▶ [Problem to work on]:
Print every line below exactly. Skip the pictures.

▶ [Given material]:
- - - - -
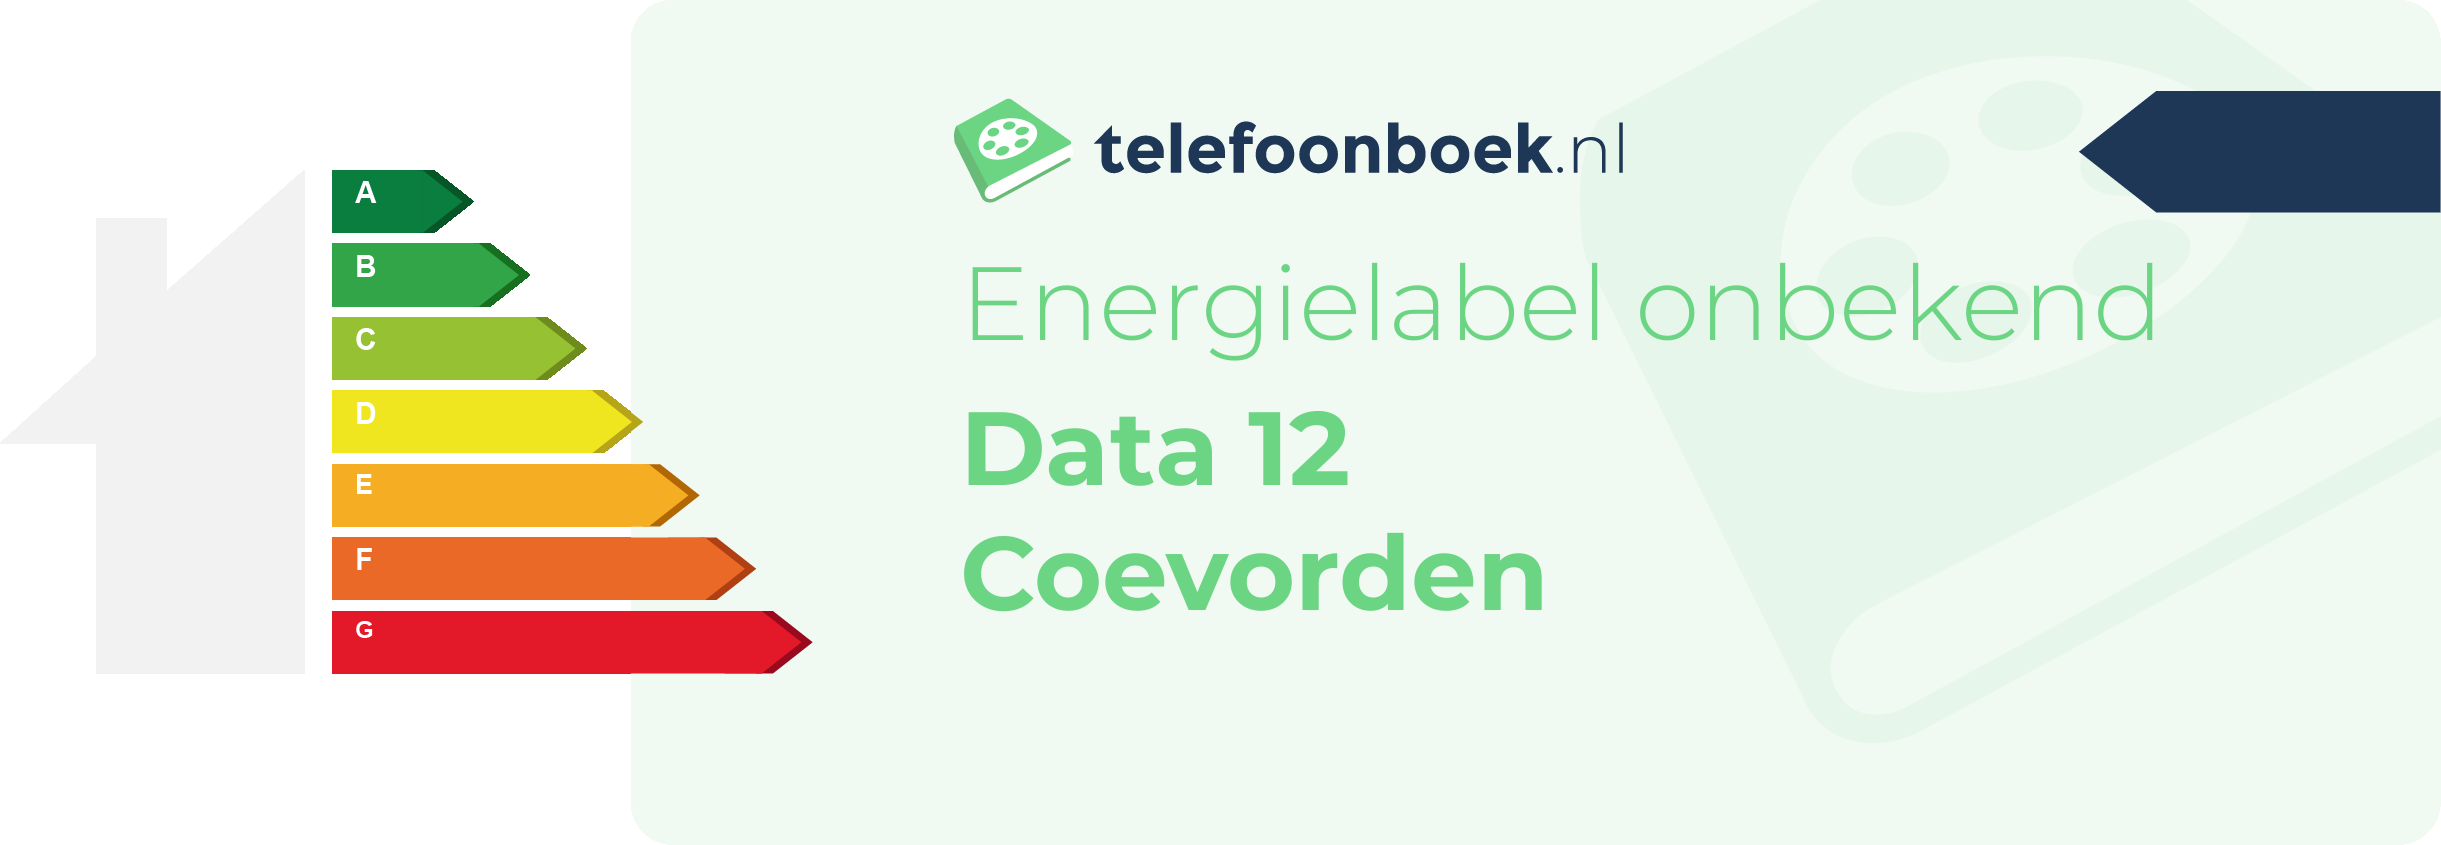 Energielabel Data 12 Coevorden
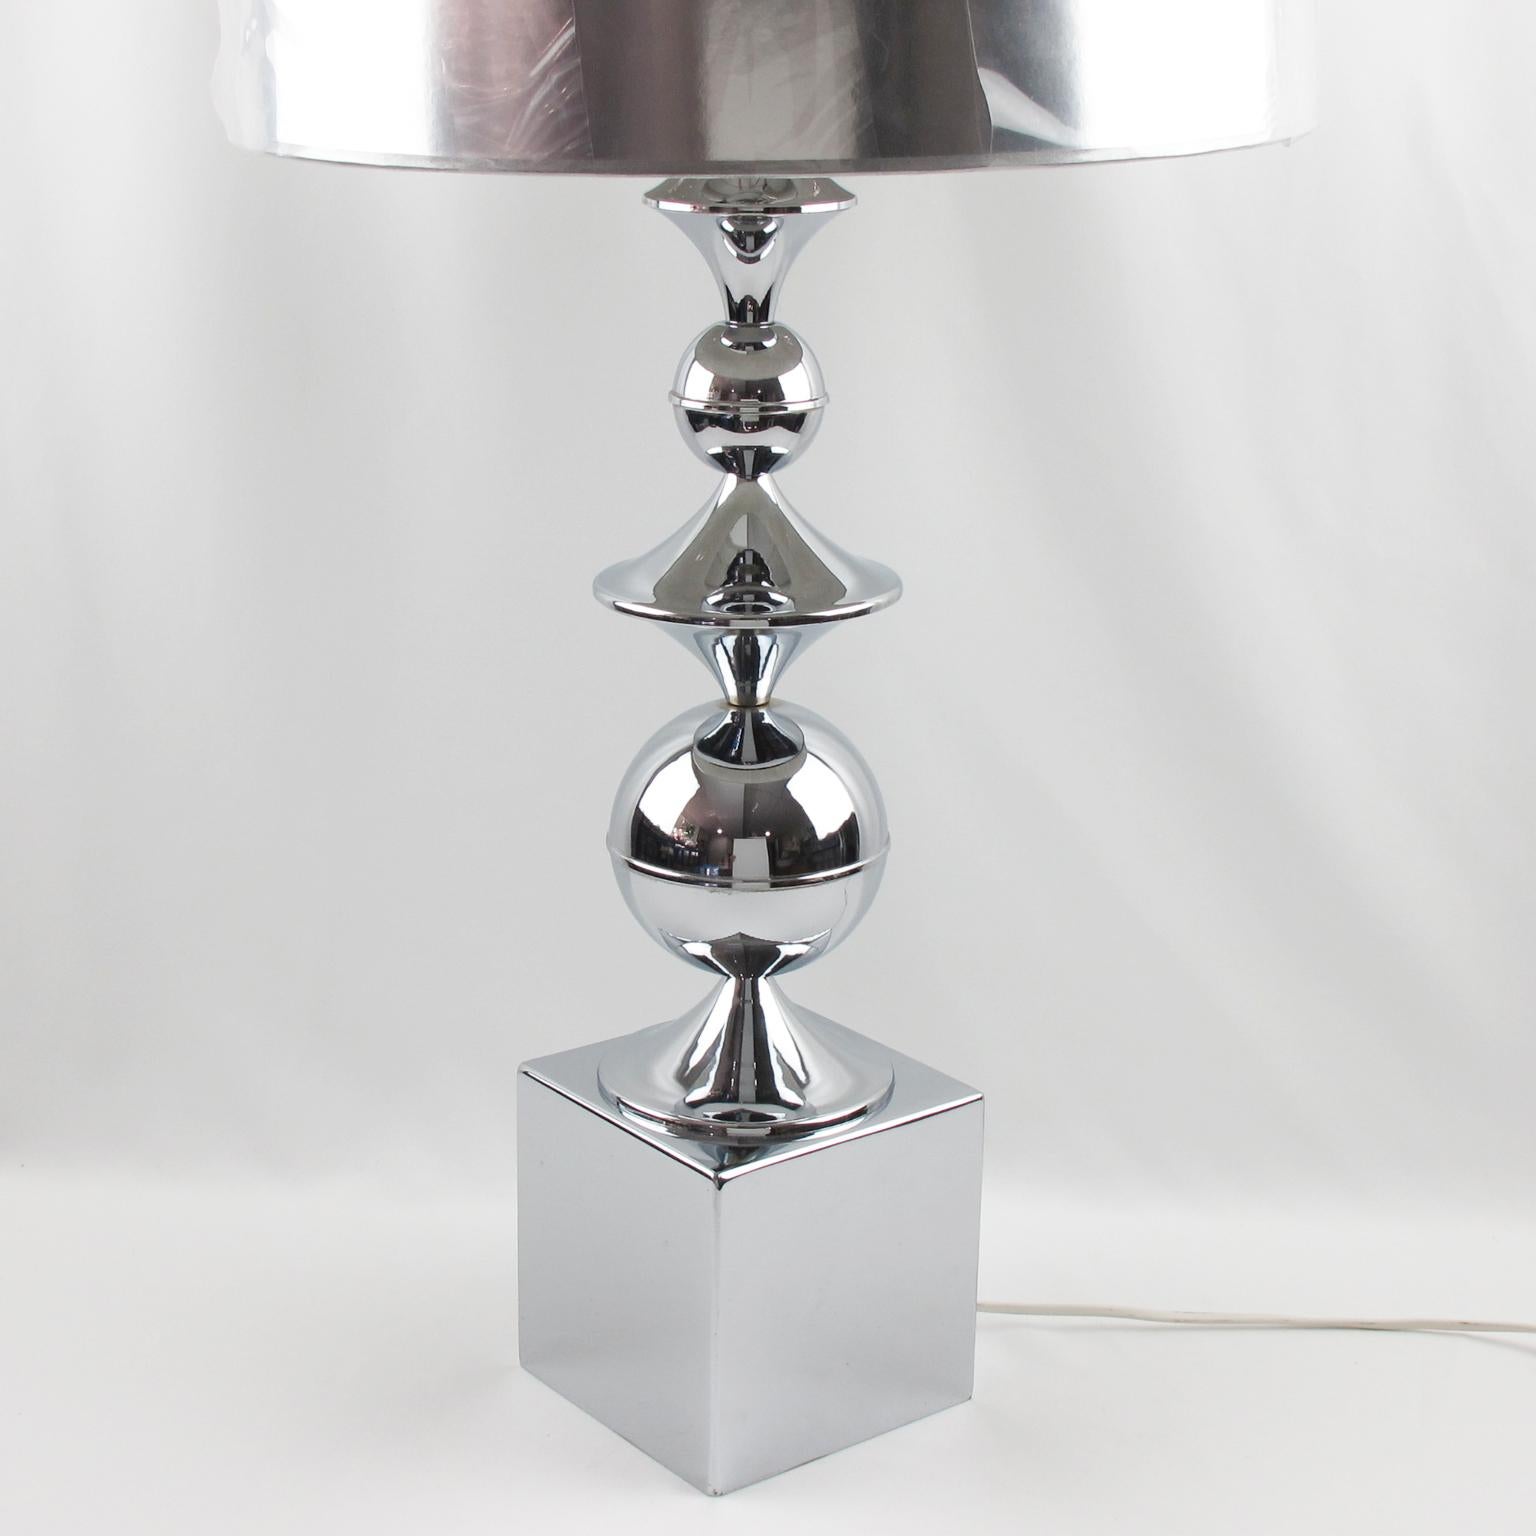 Philippe Barbier a conçu cette élégante lampe de table moderniste de l'ère spatiale pour la Maison Barbier Paris dans les années 1970. La forme géométrique haute comporte des éléments en métal chromé poli. L'article est conforme aux normes
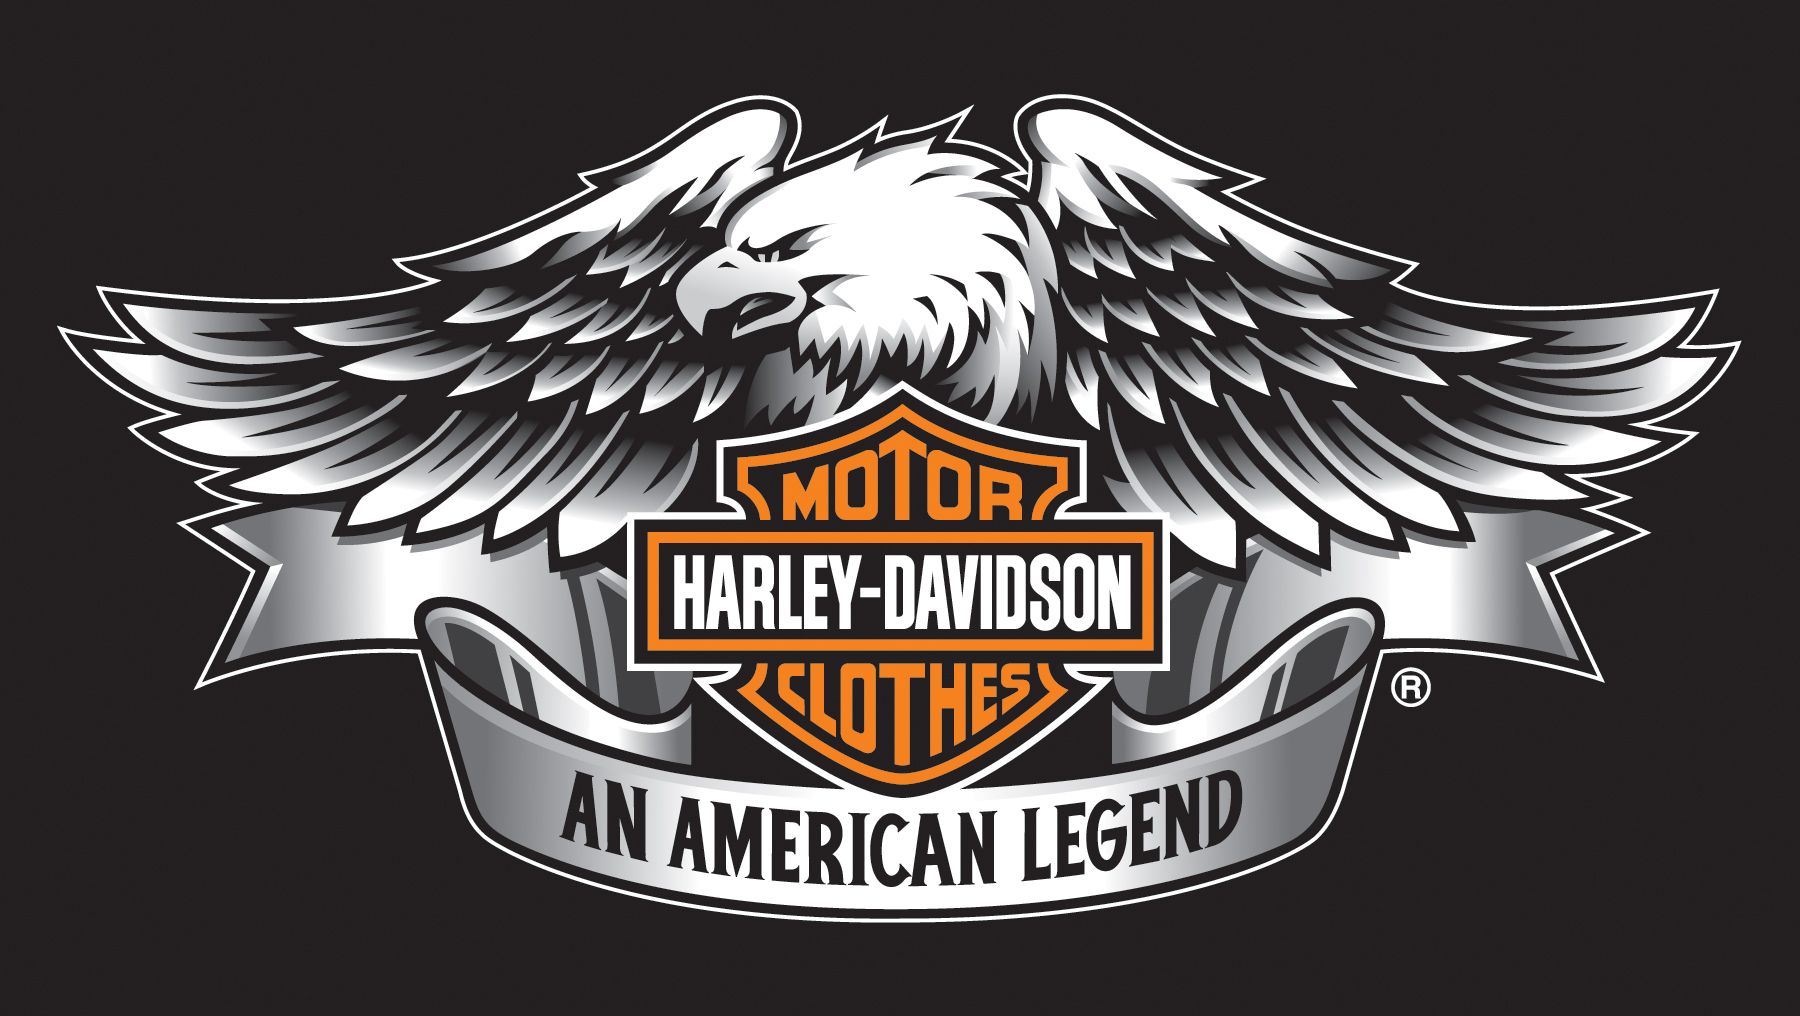 Harley Davidson Wallpaper Background Desktop iPhones Backgrounds
- - - - -
▶ [Output]:
 Energielabel Data 12 Coevorden
 Philippe Barbier a conçu cette élégante lampe de table moderniste de l'ère spatiale pour la Maison Barbier Paris dans les années 1970. La forme géométrique haute comporte des éléments en métal chromé poli. L'article est conforme aux normes
 Harley Davidson Wallpaper Background Desktop iPhones Backgrounds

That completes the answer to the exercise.